This paper is organized as follows. First, we recall the binomial model and explain various types of atomic building blocks in our model. We show how the prices of AD securities, that is, kind of elementary options on particular trajectories of the underlying security prices, arise in a rather simple way. Then, we obtain the path-dependent derivative prices by suitably aggregating these AD securities. It turns out that the classical European-style derivatives pricing formula follows easily by aggregating binary options. These, in turn, are aggregated from AD securities or, alternatively, can be priced by means of a simple backward random walk in an extended state space. In the case of an extended state space, the discounted value processes prove to exhibit an interesting aggregate time invariance, not present in the standard binomial model. At the end of the paper, we discuss the irrelevance of the trend parameter \(\mu \) in the BSM pricing, which is a bit of a paradox.

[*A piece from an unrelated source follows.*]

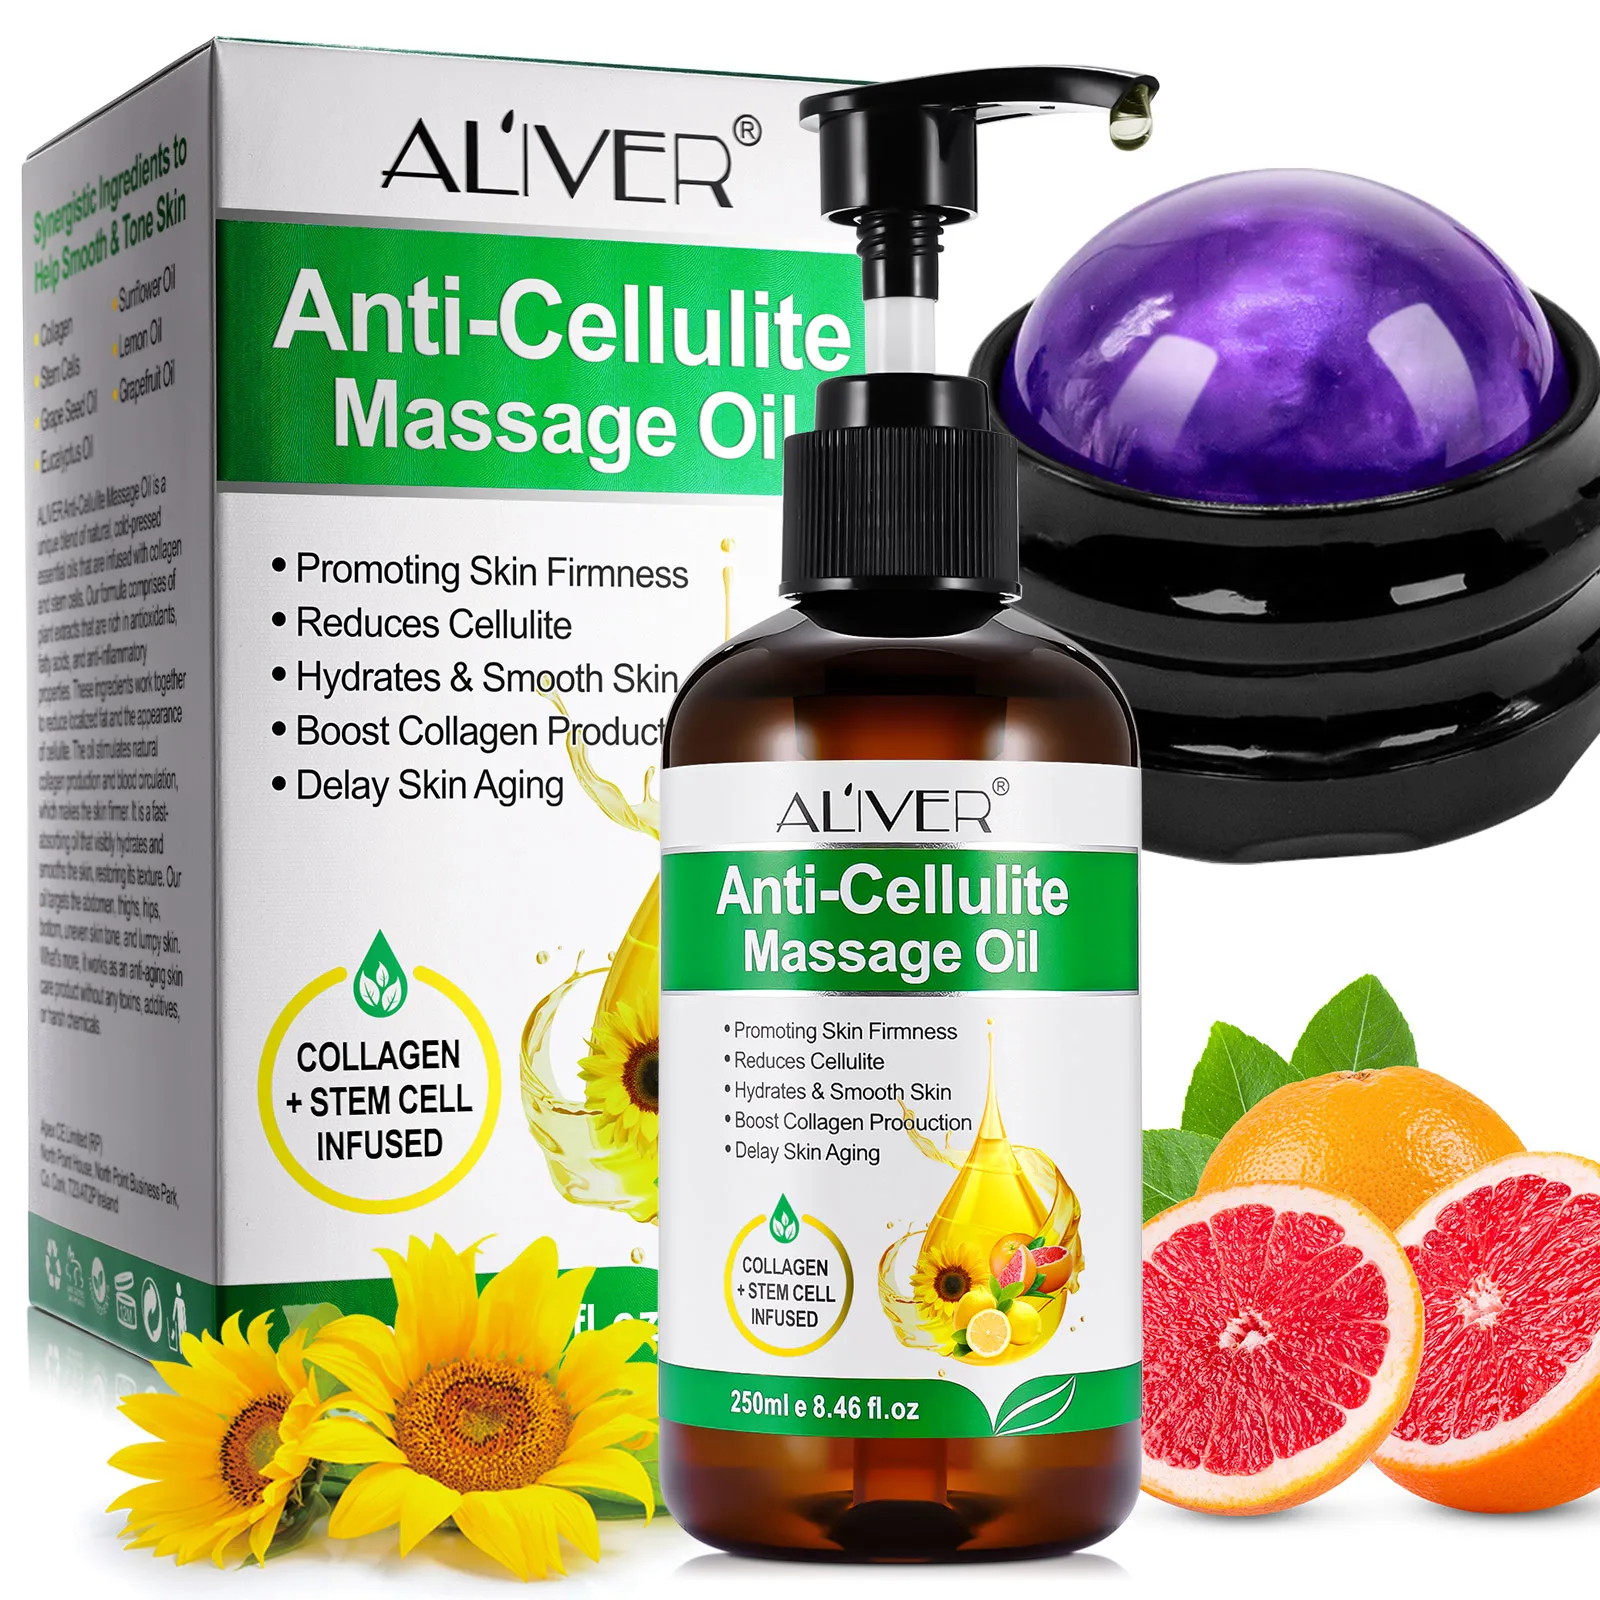 

ALIVER Body Relaxing Sore Muscle Therapy Oil Infused Collagen Stem Cell Instant Toning Firming Anti Cellulite Massage Oil

We have made an effort to explain the strategy behind the pricing of general financial derivatives in the CRR model carefully without resorting to unnecessary technical machinery. Instead of fictitious risk-neutral probabilities, we mainly consider financially tractable elementary securities. In particular, Sect. 3.2 hopefully serves as an ‘executive summary’ on the CRR pricing principles, which essentially entails all the financial reasoning behind the BSM model.

2 Preliminaries

Although we do not assume knowledge of lattice models in depth, we expect some familiarity with relevant background information; see, for example, the monographs by Copeland and Weston (1992), Luenberger (1998), Hull (2015), Föllmer and Schied (2011), or van der Hoek and Elliot (2006).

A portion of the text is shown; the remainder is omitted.